Protein molecular evolution analysis

The eutherian CXN major protein cluster amino acid sequence alignments (Supplementary Data File 4) used CXN protein primary structure features as major alignment landmarks, including cysteine amino acid residues and predicted N-glycosylation sites common to 21 CXN major protein clusters respectively (Fig. 2). First, the eutherian CXN major protein clusters respectively included between 7–14 common cysteine amino acid residues. For example, whereas the CXNJ major protein cluster included 7 common cysteine amino acid residues, CXNN major protein cluster included 14 common cysteine amino acid residues. The CXN amino acid signature common cysteine amino acid residues that were implicated in disulfide bonding were described in protein amino acid sequence motifs C-x(6)-C-x(3)-C or C-x(10)-C and C-x(4,5)-C-x(5)-C or C-x(12,13)-C that agreed with phylogenetic analyses of Hua et al.5, Abascal and Zardoya6, Cruciani and Mikalsen21,22 and Eastman et al.23. Second, although they were described as not glycosylated proteins4,10, there were between 0–3 common predicted N-glycosylation sites annotated among eutherian CXN major protein clusters.
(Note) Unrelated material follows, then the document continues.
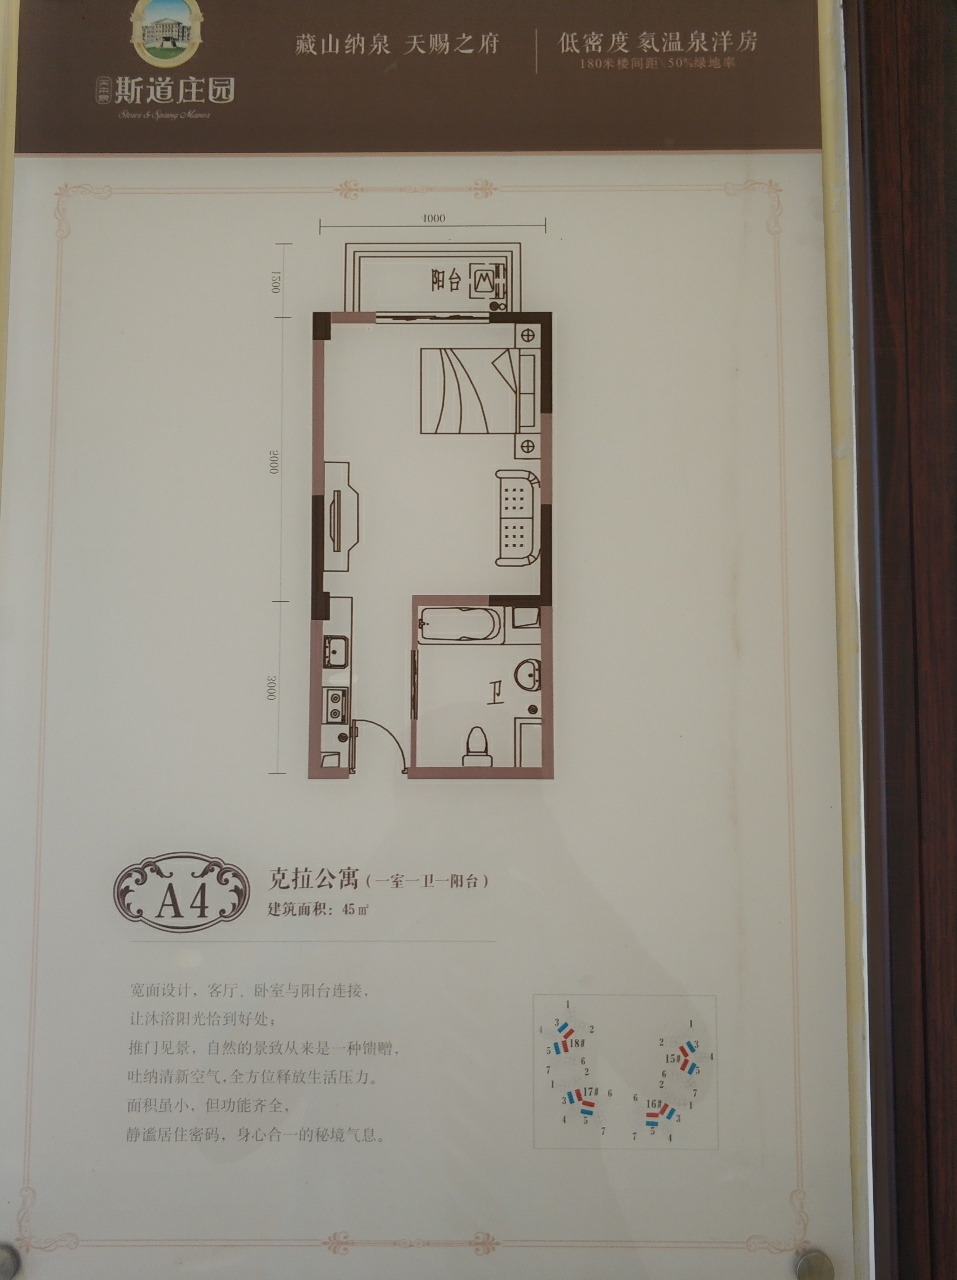 天来泉斯道庄园1室 1厅 1卫55万元

For example, there were 3 common predicted N-glycosylation sites that were annotated in CXNK major protein cluster.

Figure 2
figure 2

Major landmarks in eutherian connexin protein sequence alignments. The black squares labelled common cysteine amino acid residues and white squares labelled common N-glycosylation sites. The connexin amino acid signature common cysteine amino acid residues that were implicated in disulfide bonding were labelled by stars. The numbers indicated numbers of amino acid residues. The human substitutions of common cysteine amino acid residues were also indicated.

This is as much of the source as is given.